Answer: The devotees of Bhagavān harbour the auspicious hope for the living beings to attain their eternal welfare and not just remain occupied with inauspicious matters. The only means to attain that eternal welfare is to accept shelter at the lotus feet of śrī gurudeva, who is very dear to Lord Kṛṣṇa (kṛṣṇa-preṣṭha). By taking shelter at the lotus feet of śrī gurudeva, who is non-different from Śrī Rūpa, one will attain the position of a servant of Nanda-nandana Śrī Kṛṣṇa. That śrī gurudeva must be served with determined conviction and love and one must hear about hari-bhajana from his lotus lips.
When the dust upon the lotus feet of Śrīla Gurudeva becomes our mainstay, we will be able to attain madhurya-seva to Śrī Kṛṣṇa, He who is the enchanter of the whole world (bhuvana-mohana). Hence we must always worship the lotus feet of Śrīla Gurudeva, without cessation.
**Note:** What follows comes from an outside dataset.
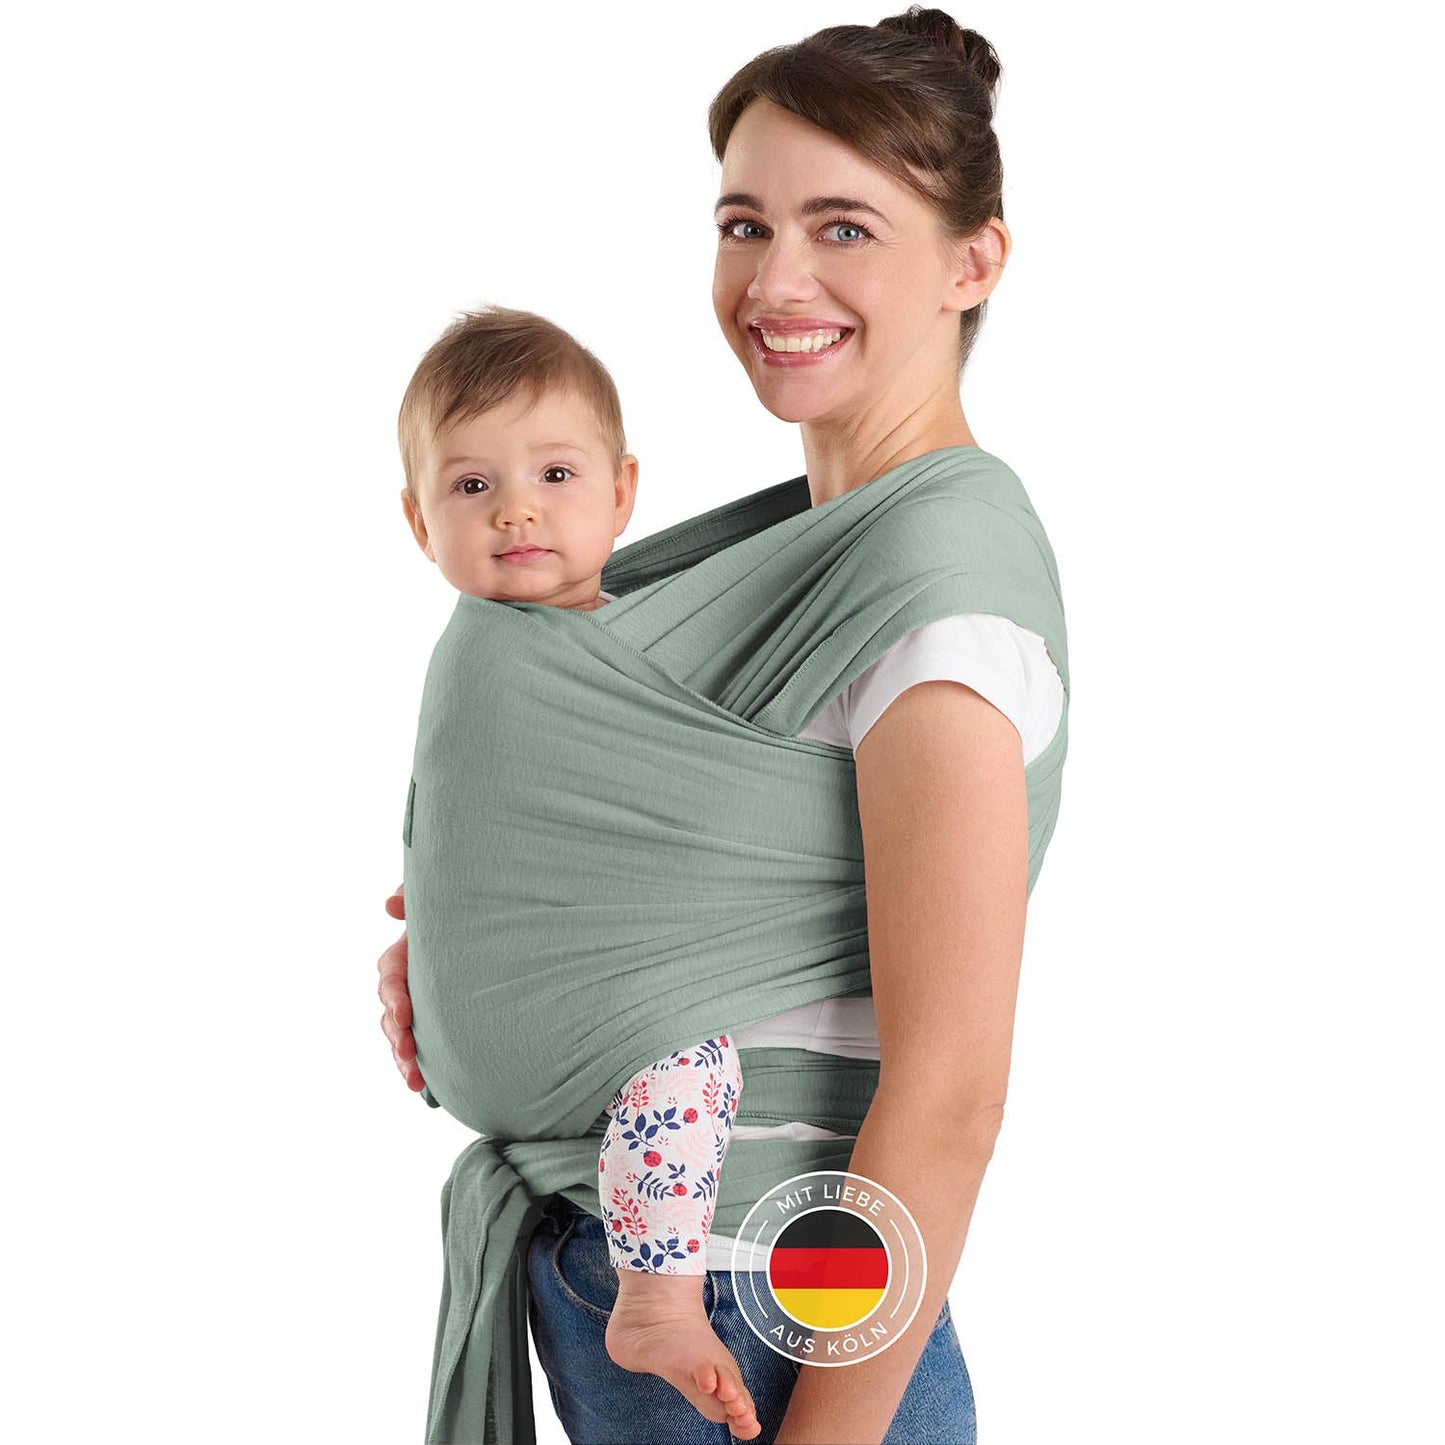 Frau mit Hochsteckfrisur trägt Baby in grüner Tragehilfe vor sich beide schauen zur Kamera.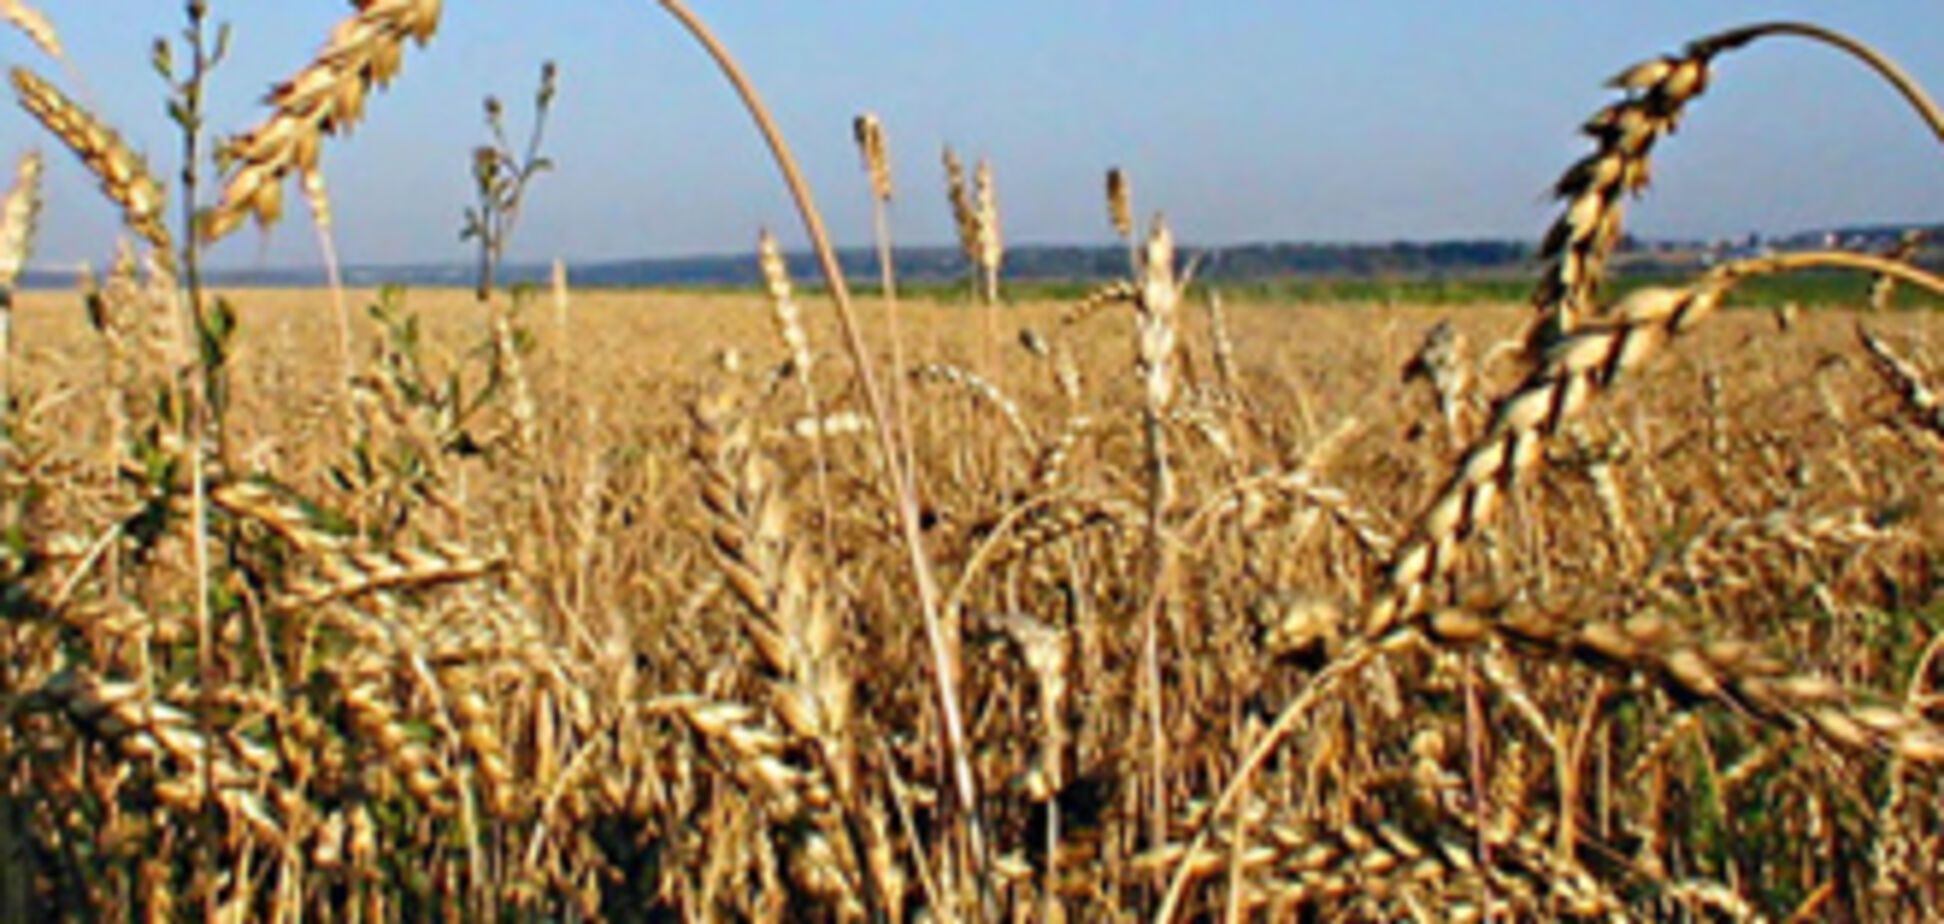 МинАПК рассказало, как законно сбывать плохое зерно

Śrīla Gurudeva is transcendental (aprākṛta). He is not a transient entity of this world, merely a gross frame of flesh and blood. His form, like the form of Śrī Bhagavān, is composed of eternality, knowledge and bliss. Śrīla Gurudeva is nara-brahma – a transcendental human being – not nara, an ordinary, mortal man. Any service rendered to the transcendental beings guru and Gaurāṅga by those who consider them to be among the multitudes of this world, is simply pretentious since such people only serve them to fulfil their own selfish interests. Such service is not pure service; rather it simply reflects the mentality of a merchant, or padmā-nīti*.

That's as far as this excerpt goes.